Tom McGuinness, Associate Director of Institutional Research, Office of Institutional Research, Analysis, and Planning

My favorite fiction of the past year was A Little Life, by Hanya Yanagihara. This 700-plus-page novel follows a group of four male friends from their time in college throughout their adult lives. A major theme of the book is suffering and it can be quite brutal for relatively long passages (trigger warning for anyone who has dealt with abuse), but it is beautifully written and a truly vivid, riveting read.

My favorite non-fiction was Modern Romance, by Aziz Ansari. I’ve enjoyed Ansari’s comedy and love his television shows (Parks and Recreation, Master of None) and I was expecting this book to be in the style of books written by other comedians, but it ended up being so much more. While the book does incorporate his comedic voice, he also partnered with a team of sociologists to conduct focus groups and explore quantitative data to explain intergenerational and intercultural differences in how people fall in love. It is a smart, insightful, and engaging book.

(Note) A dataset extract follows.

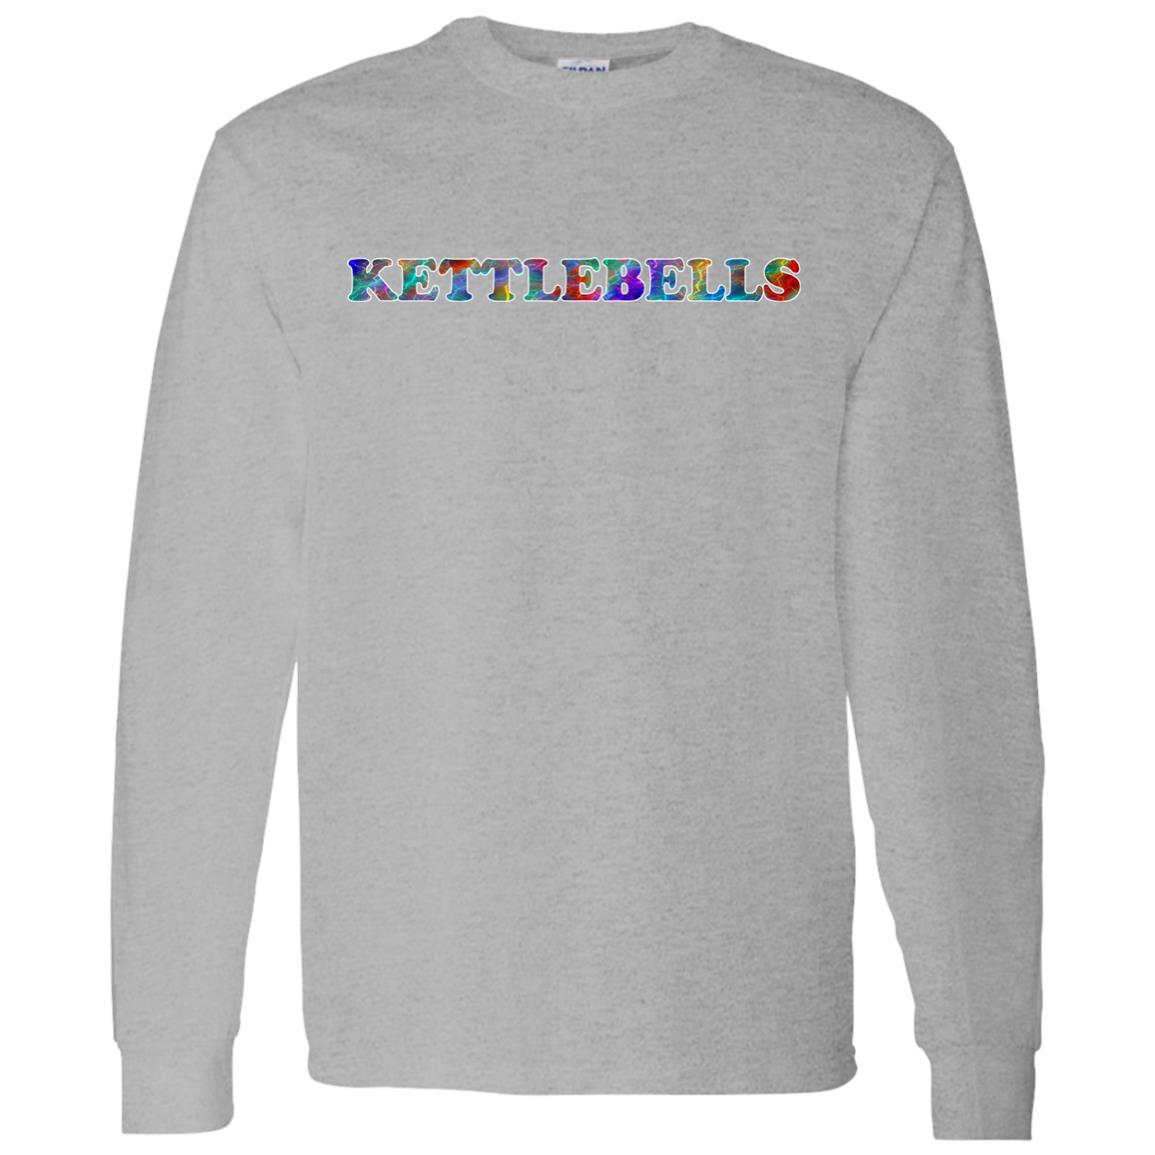 Kettlebells Long Sleeve T-Shirt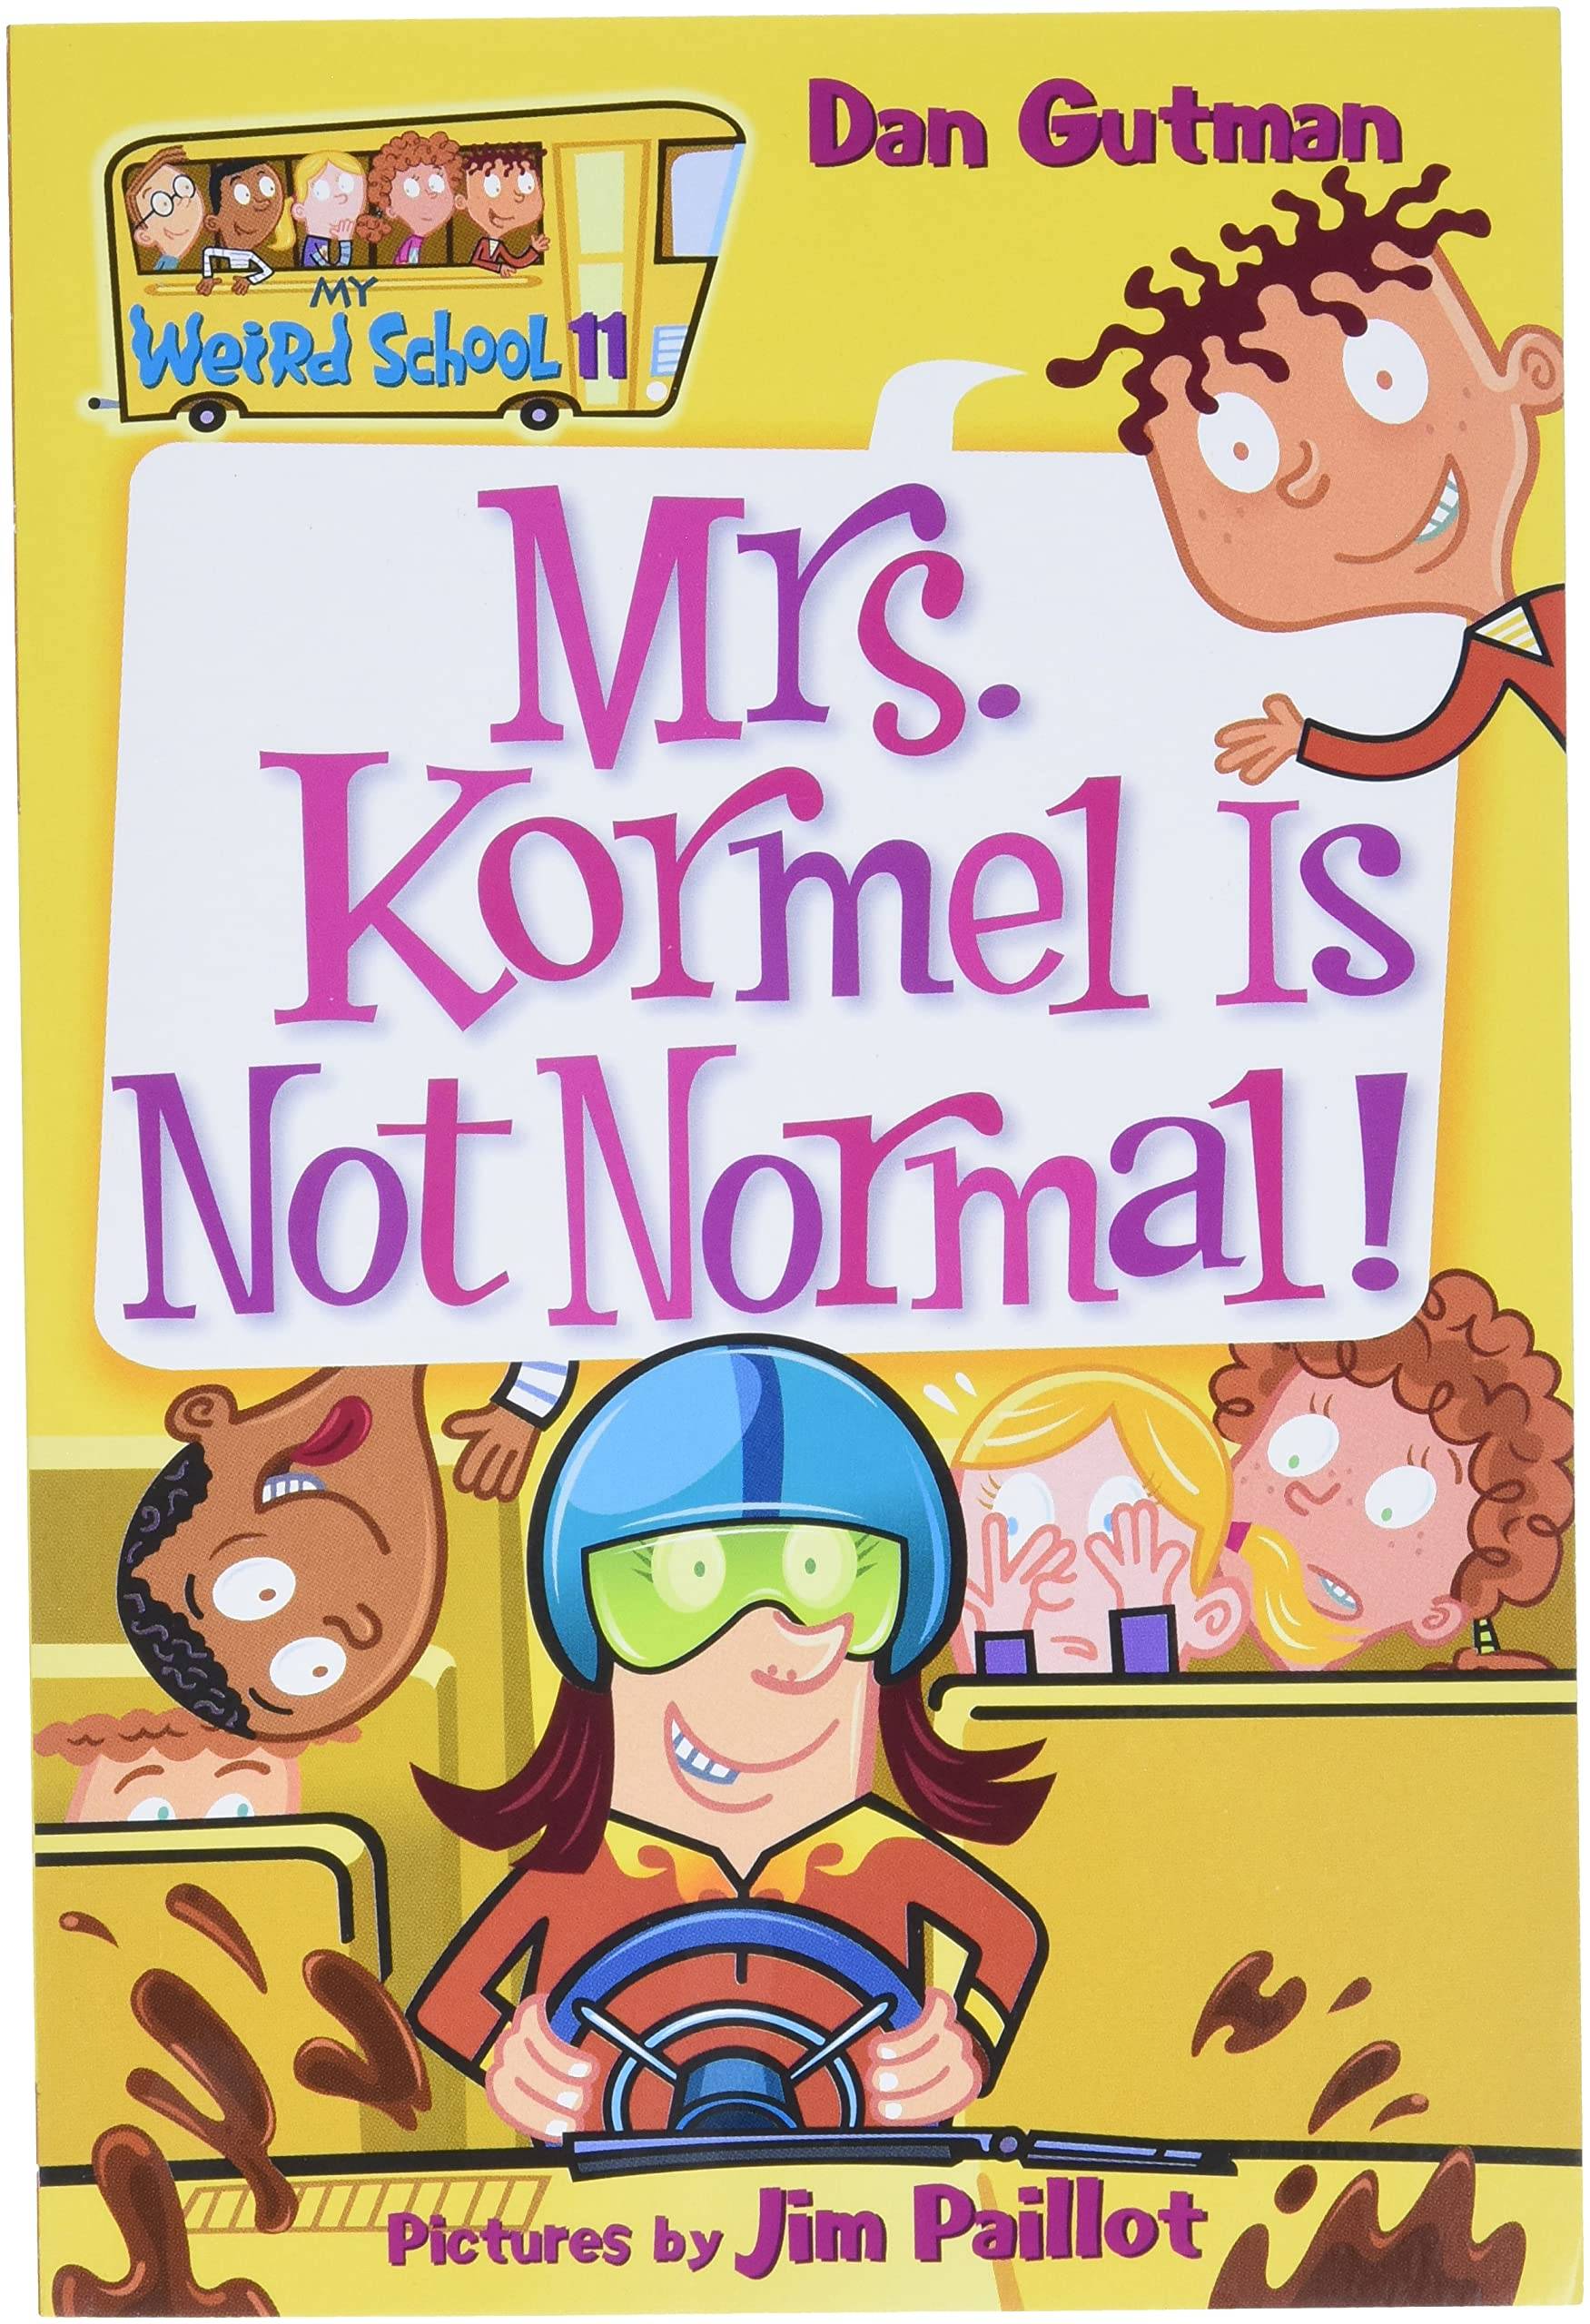 IMG : My Weird School-11 Mrs. Kormel is Not Normal!

Kevin Michaud, Cook, Dining Services

Queen Elizabeth II and Her Church: Royal Services at Westminster Abbey, by John Hall, Dean of Westminster. “A moving and remarkable book, by turns historical, liturgical, devotional and personal, in which the Dean of Westminster describes the unique part played by the Abbey in the life of the United Kingdom and the Commonwealth, and in doing so also makes compellingly clear its close and special relationship with the Queen and the British Royal Family.” — Sir David Cannadine

My Brother the Pope, by Msgr. Georg Ratzinger. “Not just a fascinating book, but a unique one, as well. We are granted an intimate look at the life of one beloved brother through the eyes of another.” — Fr. Benedict Groeschel

Both of these I have enjoyed and recommend!


Catie Moran, Academic Administrative Assistant, Academic Support Services

Mystic Tea, by Rea Nolan Martine. This is a delightful, humorous, and insightful pleasure to read. The characters are colorful and the author pulls you in to a very personal and intimate level with them.


Christine Murray, Social Science Librarian, Information and Library Services

Evicted: Poverty and Profit in the American City, by Matthew Desmond. This is a compassionate, heartbreaking portrait of low- income renters exploited by landlords and disregarded by the justice system.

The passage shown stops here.